ParaProfessional Training Reveals Heart of Guiding Students at Hillcrest
The room itself carried a quiet sense of purpose. Papers were spread across tables. Pens hovered. Conversations flickered between reflection and anticipation. But at the center of it all was a shared understanding: this was not just about techniques, it was about people. About children. About souls.
At Hillcrest, formation is never left to chance. It is cultivated, intentionally, relationally, and biblically, through a faculty and staff who are themselves continually being trained and equipped. This week, that commitment took on fresh clarity as Ms. Julie gathered the lower school paraprofessionals for a focused, deeply practical training, one that moved beyond classroom management and into the sacred work of shaping hearts.
Ms. Julie began with clarity and direction: “Today’s purpose is to talk about how to respond to student behavior, with a lens of grace, truth, and discipleship.” Not one of those words can stand alone. Grace without truth becomes permissive. Truth without grace becomes harsh. Discipleship without both becomes hollow. But together, they form the foundation of a distinctly Christian approach to education, one that Hillcrest staff are continually learning to live out.
From there, Ms. Julie anchored the training in a powerful biblical image, the Mercy Seat. She explained that this was not simply a new name for “take a break,” but a reorientation of the entire philosophy: “We want to keep aligning everything back to Jesus. Everything back to the Bible.” Drawing from the story of Miriam, who was cast out and later restored, she painted a picture of discipline not as exile, but as a pathway to redemption.
One of the most defining moments of the training came when Ms. Julie reframed the role of the paraprofessional. With quiet conviction, she told them: “You’re not just a helper. You are shepherds in the moment.” That statement settled into the room. Because it elevated everything. In those in-between spaces, hallways, desks, corners of classrooms, paraprofessionals are not filling gaps. They are stepping into ministry.
There is a weight to that calling, but also a freedom. Unlike the teacher who must keep the class moving, the para has the gift of time. Time to kneel beside a child. Time to listen. Time to speak truth that might otherwise be rushed past. And in those moments, the real work of formation happens.

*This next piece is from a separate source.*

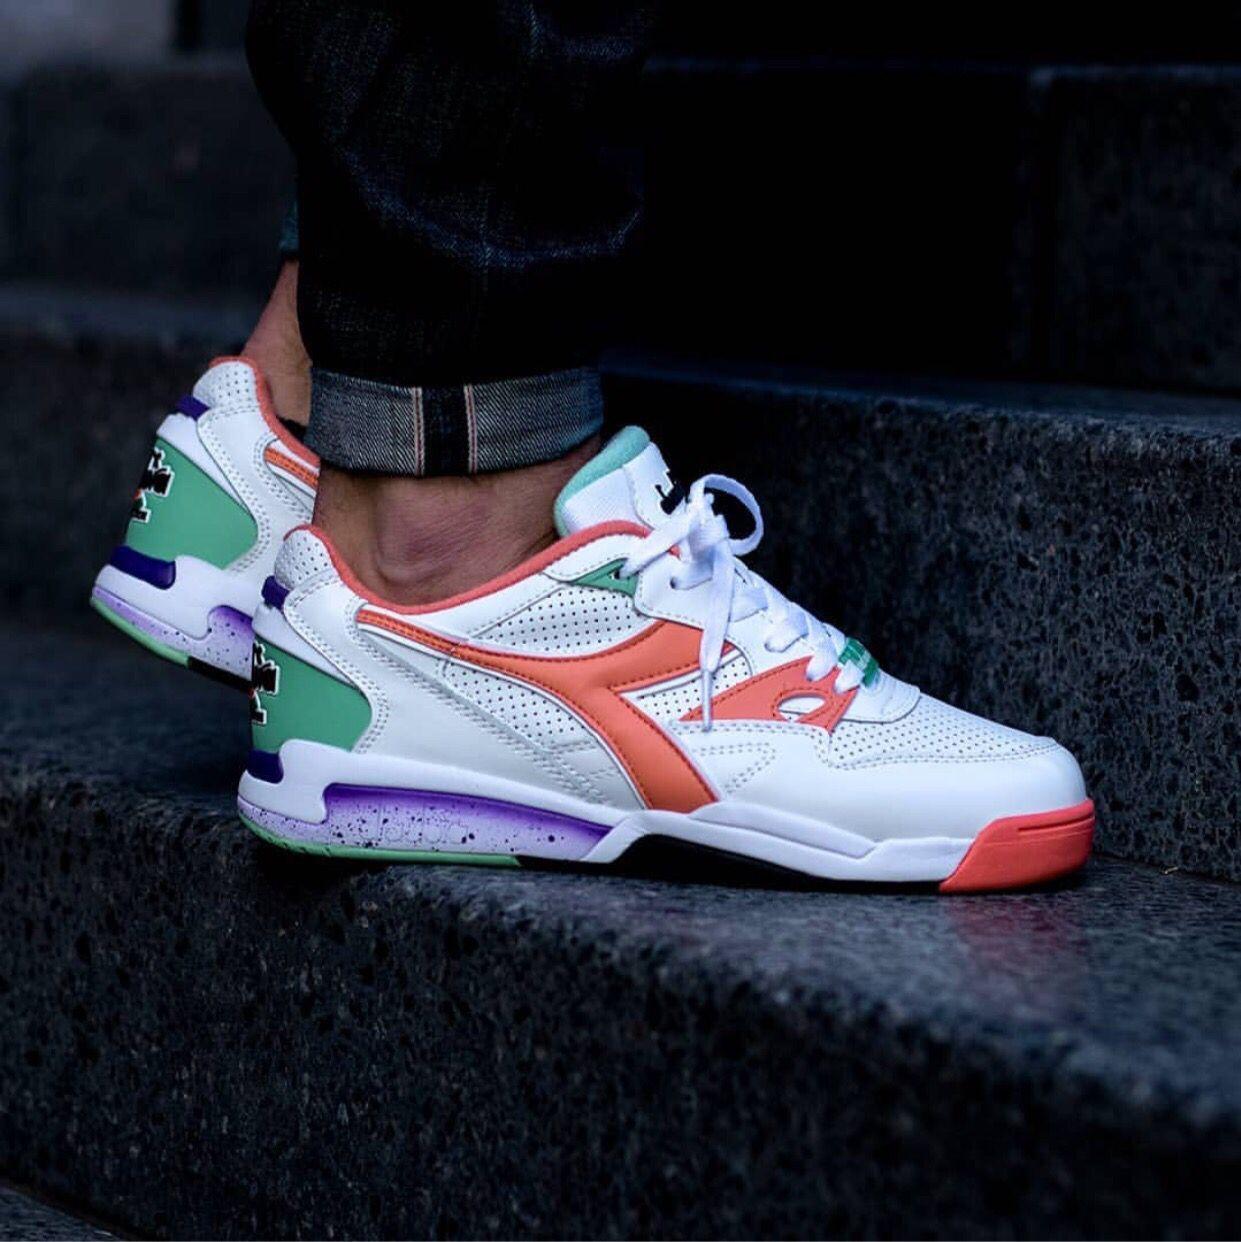 Diadora Werkschoenen Dealer.Diadora Rebound Ace Off White Airmax In 2019 Sneakers Fashion
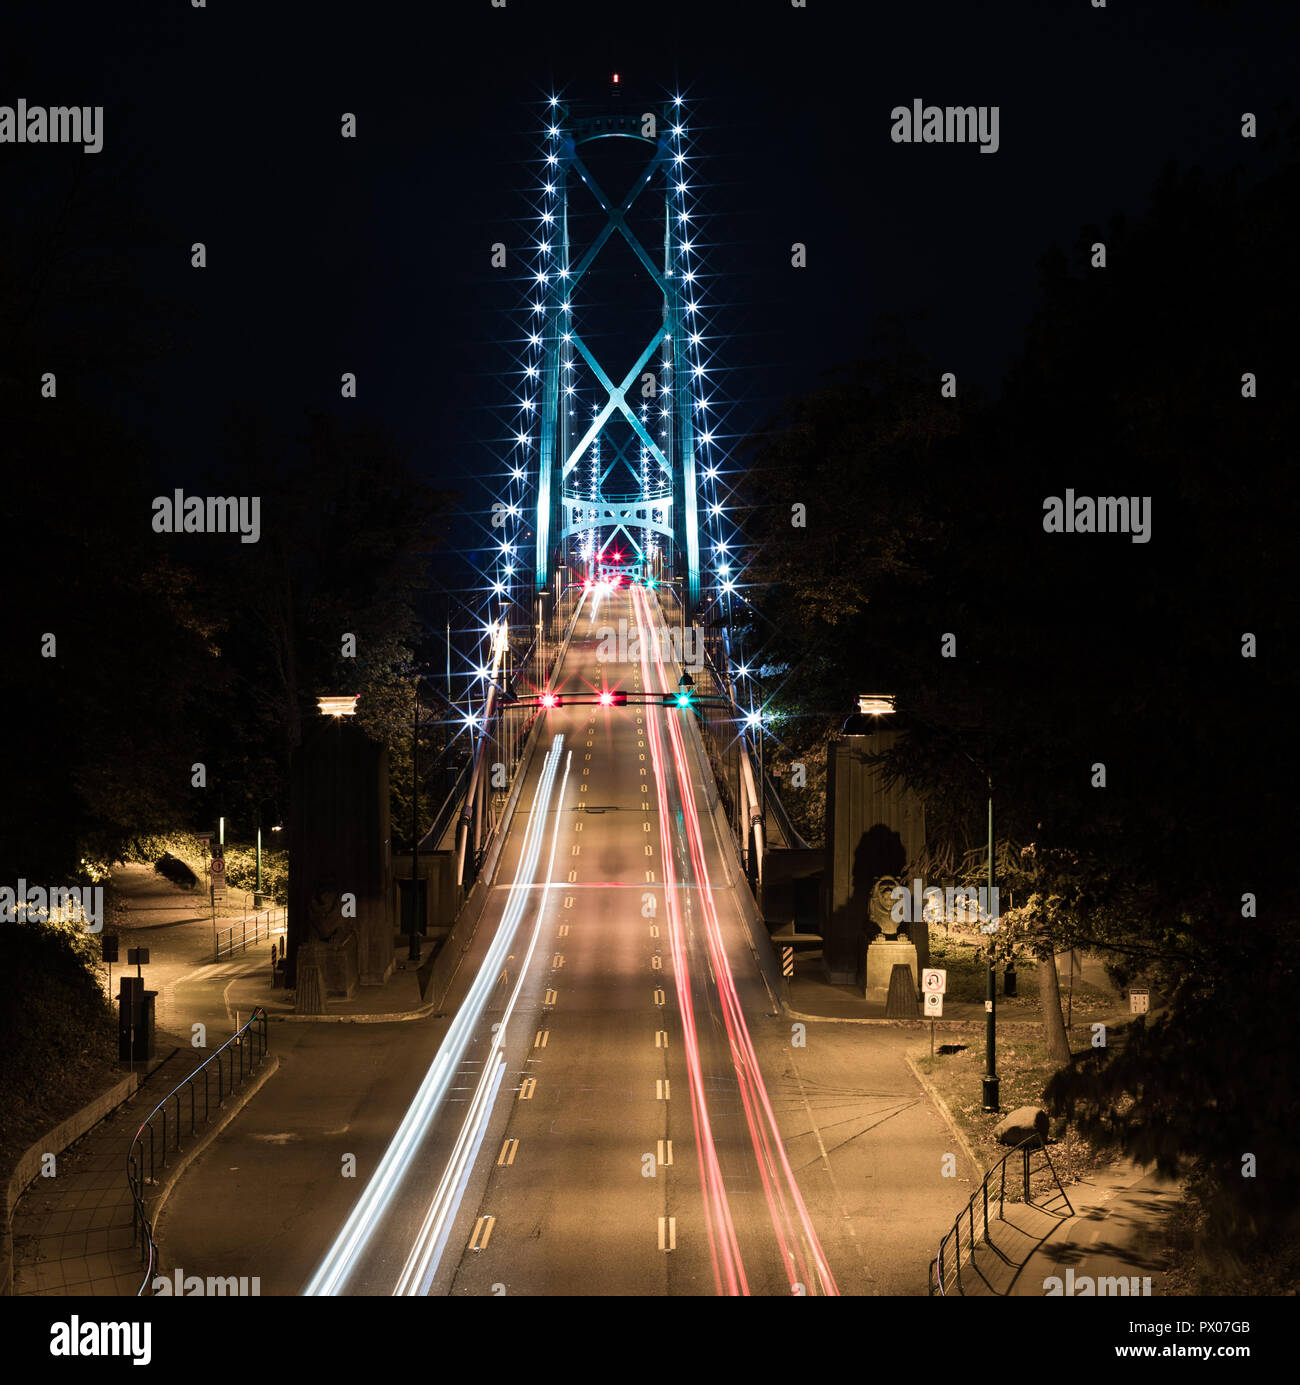 Suspension bridge with light trail - Stock Image

The training then moved into the practical clear and repeatable steps that bring structure to emotionally complex moments. Ms. Julie laid them out with clarity, not as theory, but as tools to be used immediately.
Perhaps one of the most compelling examples Julie shared was a real interaction with a student struggling with honesty. Feeling stuck, she turned to Scripture, opening Proverbs in front of the student. Together, they read. They talked about truth, about joy, about the weight of a crushed spirit. And then she spoke directly into his identity: “God created you to be truthful.” “God created you to be a joy-bringer.”
You could see, she said, “the wheels turning.” This is what discipleship looks like, not in a sermon, but in a moment. Not from a stage, but beside a child.
As the year enters its final stretch, Ms. Julie named a reality every educator feels: fatigue. The fourth quarter is long. Energy wanes. Patience is tested. But instead of retreating, she issued a focused charge: “Pick one to two students.” Not ten. Not all. Just one or two. “Who needs extra love? Who have you been battling with? Who needs you to see them differently?”
Then she gave them a plan:
Greet them by name
Make eye contact
Look for small wins
Speak consistent identity over them
Simple. Repeatable. Transformative. She offered examples of phrases to anchor the work:
“I’m so glad you’re here.”
“You are a leader.”
“I see kindness in you.”
“You are growing in self-control.”
And she paired with that, the discipline of noticing:
“I noticed you waited patiently, that was responsible.”
“You used kind words, that was respectful.”
This is how culture is built, not in grand gestures, but in repeated, intentional moments.
As the training closed, Ms. Julie grounded the entire conversation in calling. “You don’t have a contract, you have a call.” Because this work is ministry. It is messy. It is tiring. It often feels unseen. But it is deeply meaningful.
She reminded the paras that when students look back on their school years, it is often not just the teachers they remember, but the ones who saw them. The ones who greeted them. The ones who stayed steady. And so she left them with both a challenge and a promise: “Let us not grow weary in doing good.”
Because every moment at the Mercy Seat, every whispered truth, every calm presence in the chaos is shaping a child’s understanding of who they are. The training is one step in a joyous journey in an understanding that is rooted in something unshakable: Students are known, they are loved, and they belong, to God.